→ **EXERCISE GOAL**: A verbatim copy of all the data is required; the pictures should not appear in it.

→ **INFORMATION PROVIDED**:
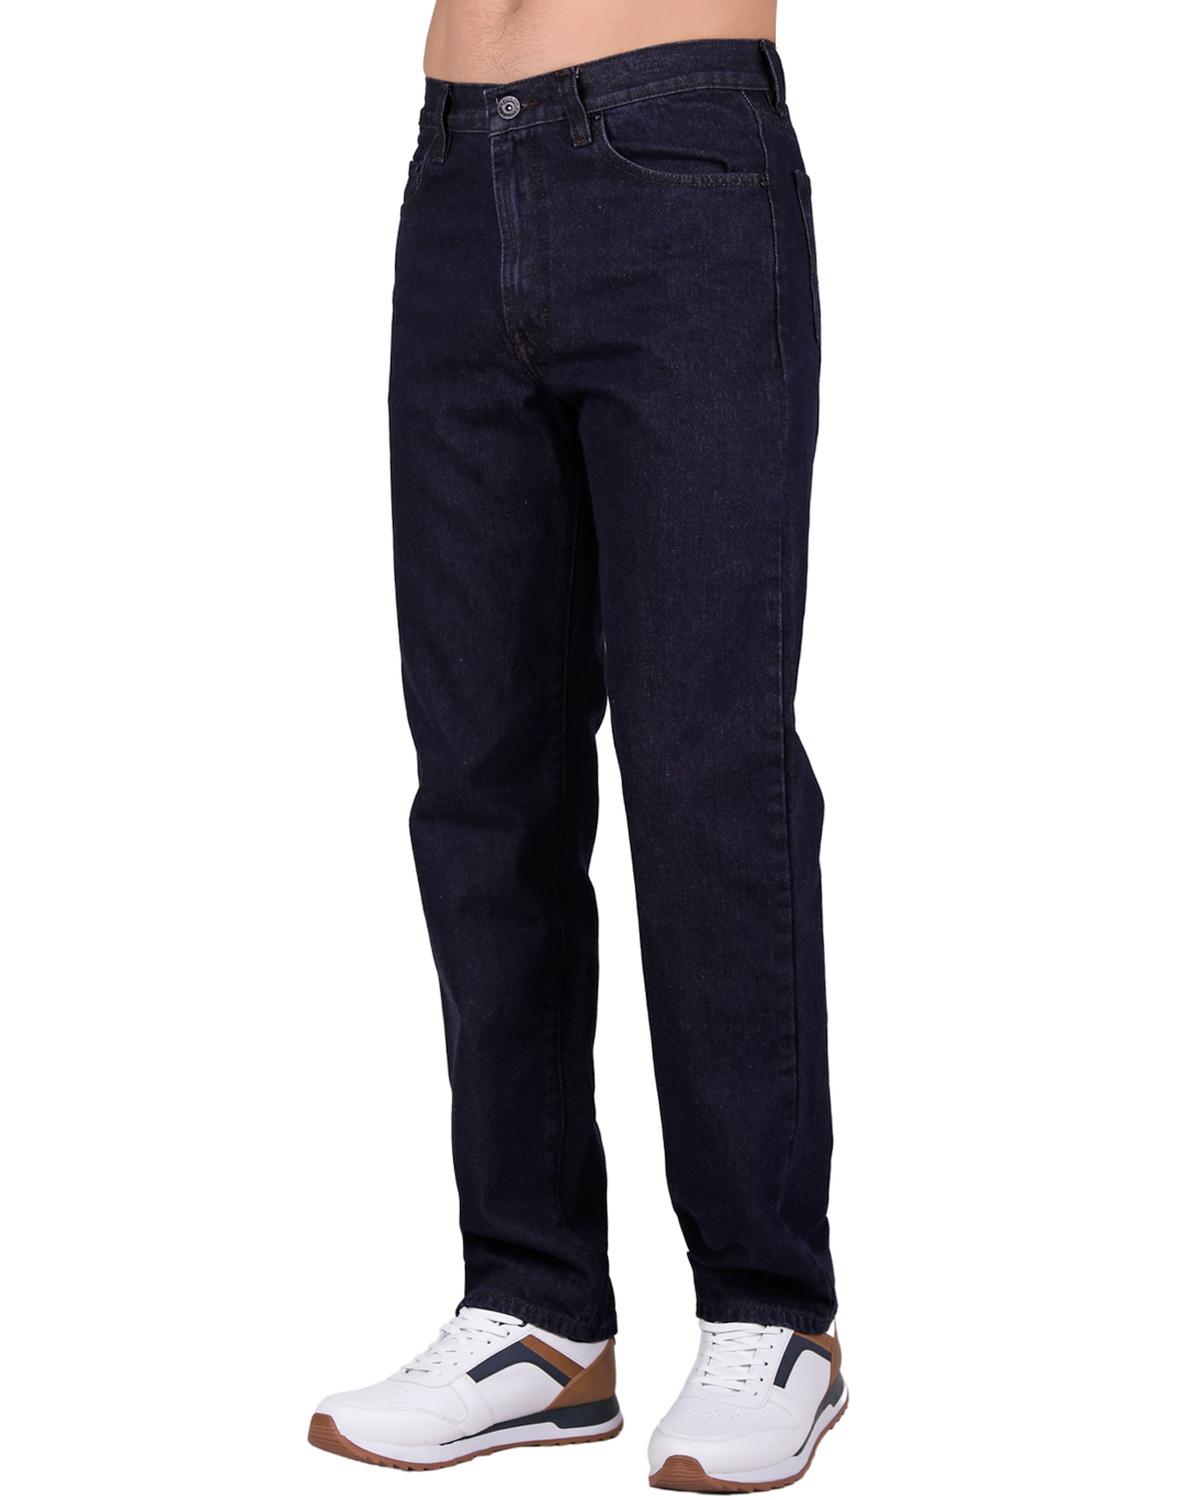 Jeans Básico Hombre Furor 16-Baños 62111391 Mezclilla
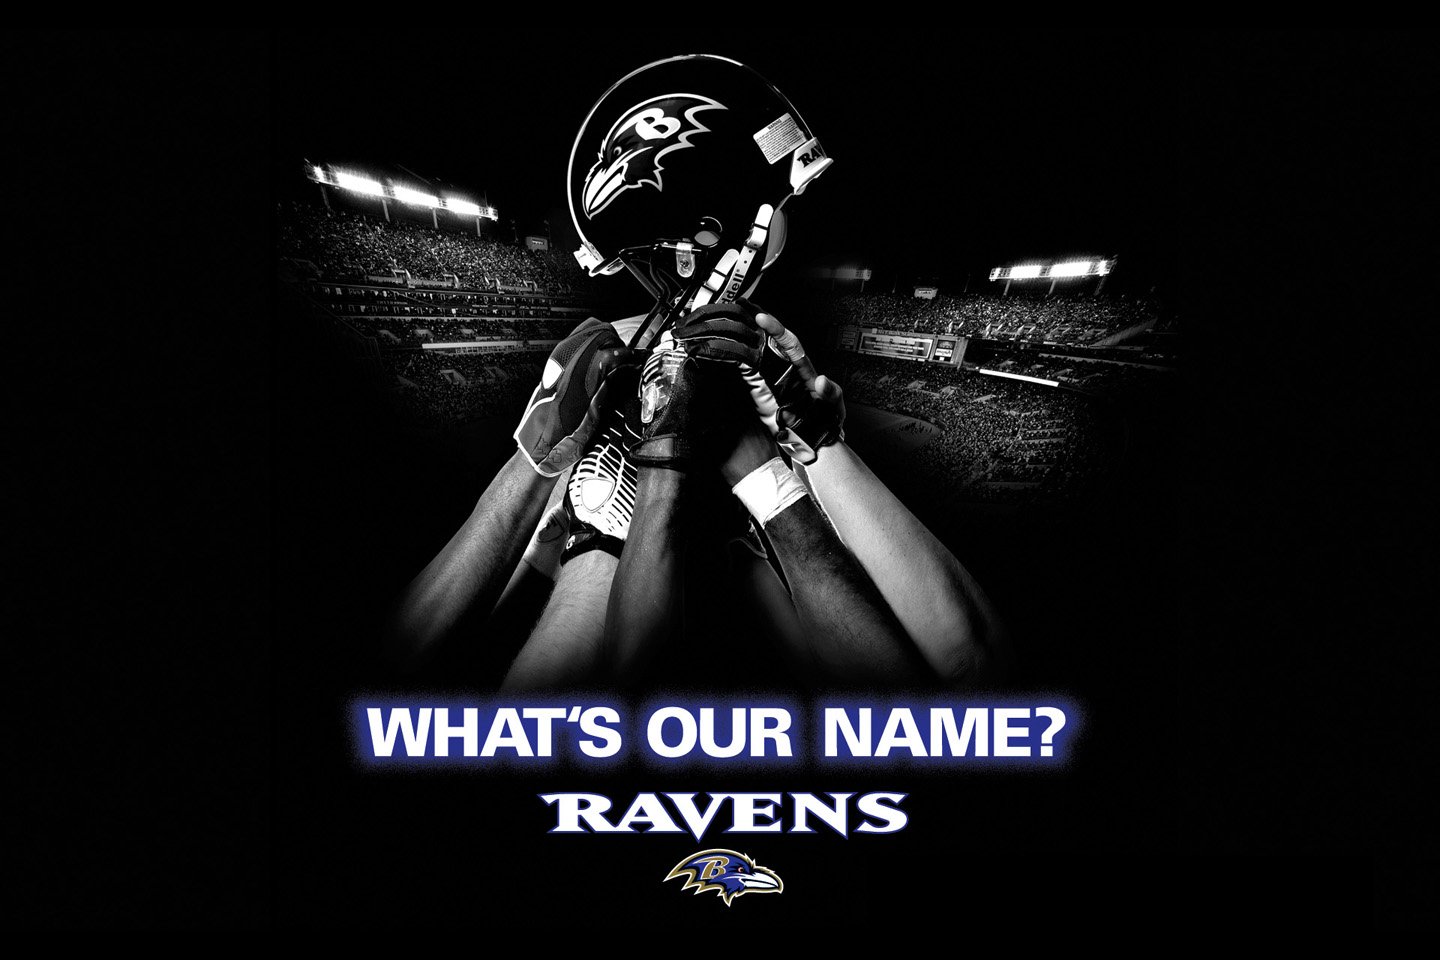  Baltimore Ravens desktop image Baltimore Ravens wallpapers 1440x960
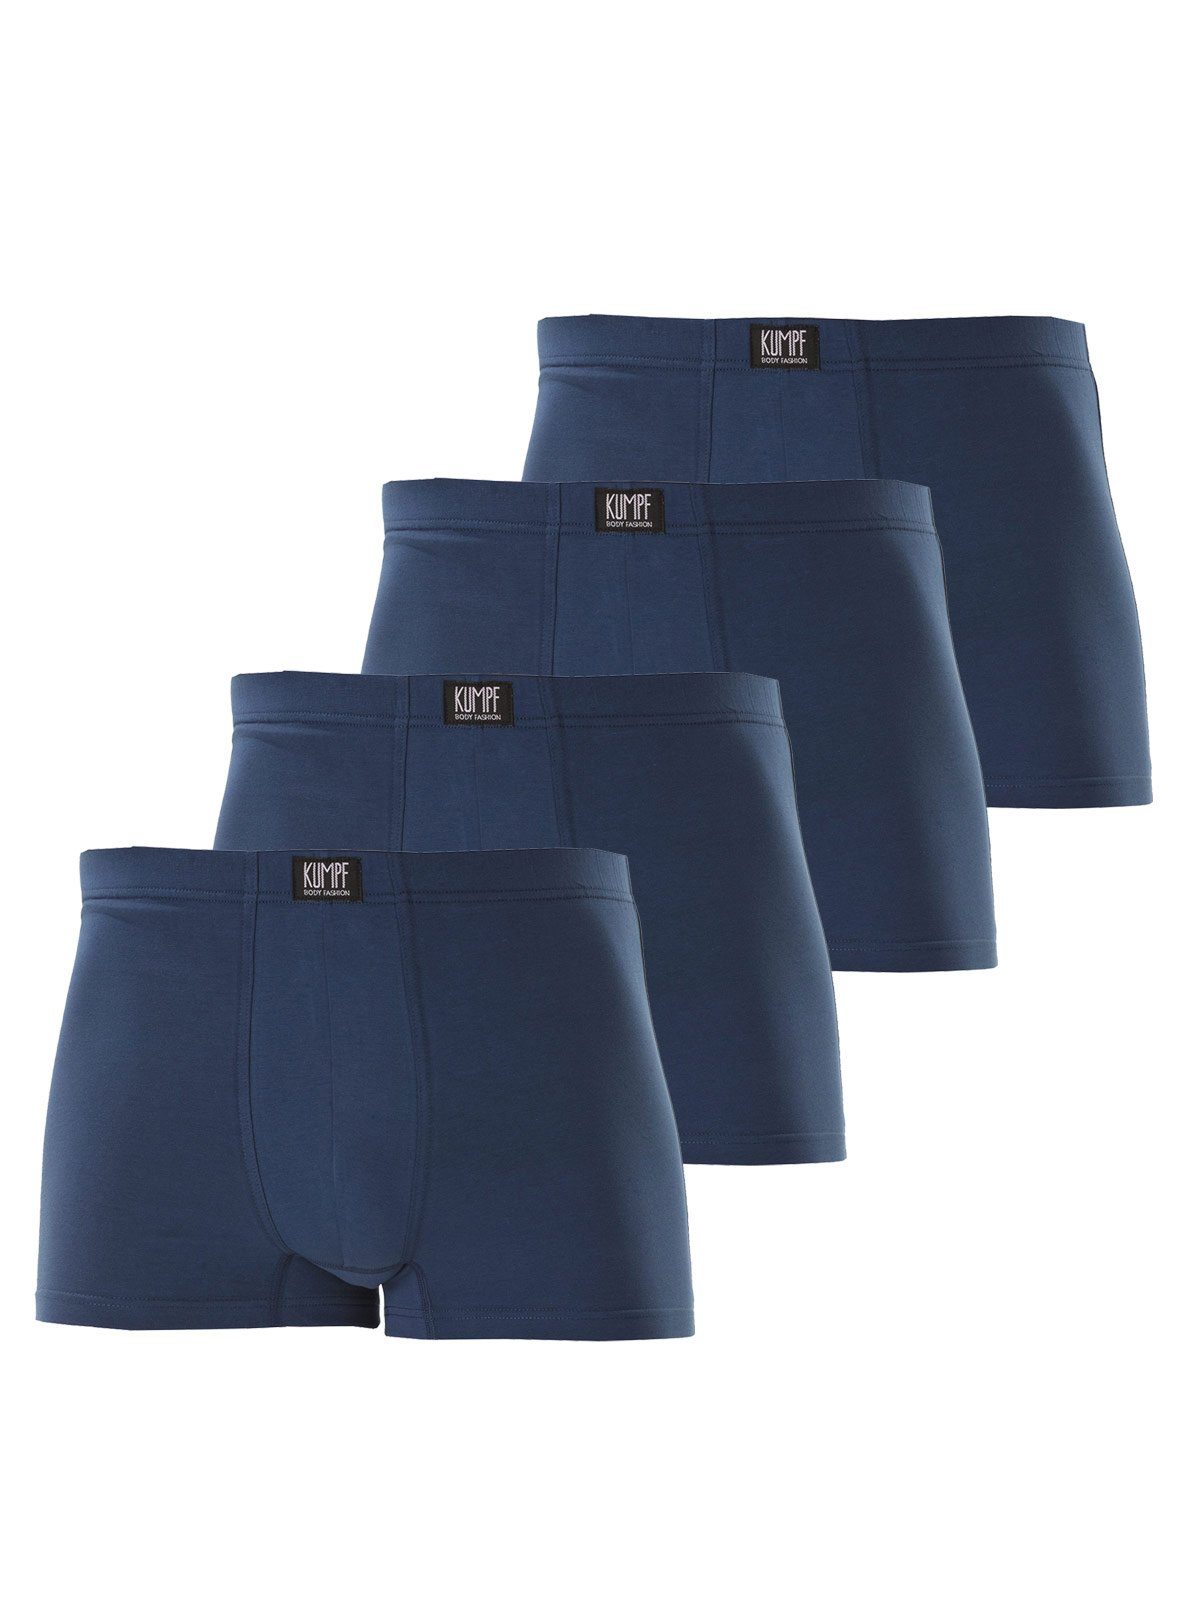 KUMPF Retro Pants 4er Sparpack Herren Pants Bio Cotton (Spar-Set, 4-St) hohe Markenqualität darkblue | Unterhosen

→ **ANSWER BOX**:
 Jeans Básico Hombre Furor 16-Baños 62111391 Mezclilla
  Baltimore Ravens desktop image Baltimore Ravens wallpapers 1440x960
 KUMPF Retro Pants 4er Sparpack Herren Pants Bio Cotton (Spar-Set, 4-St) hohe Markenqualität darkblue | Unterhosen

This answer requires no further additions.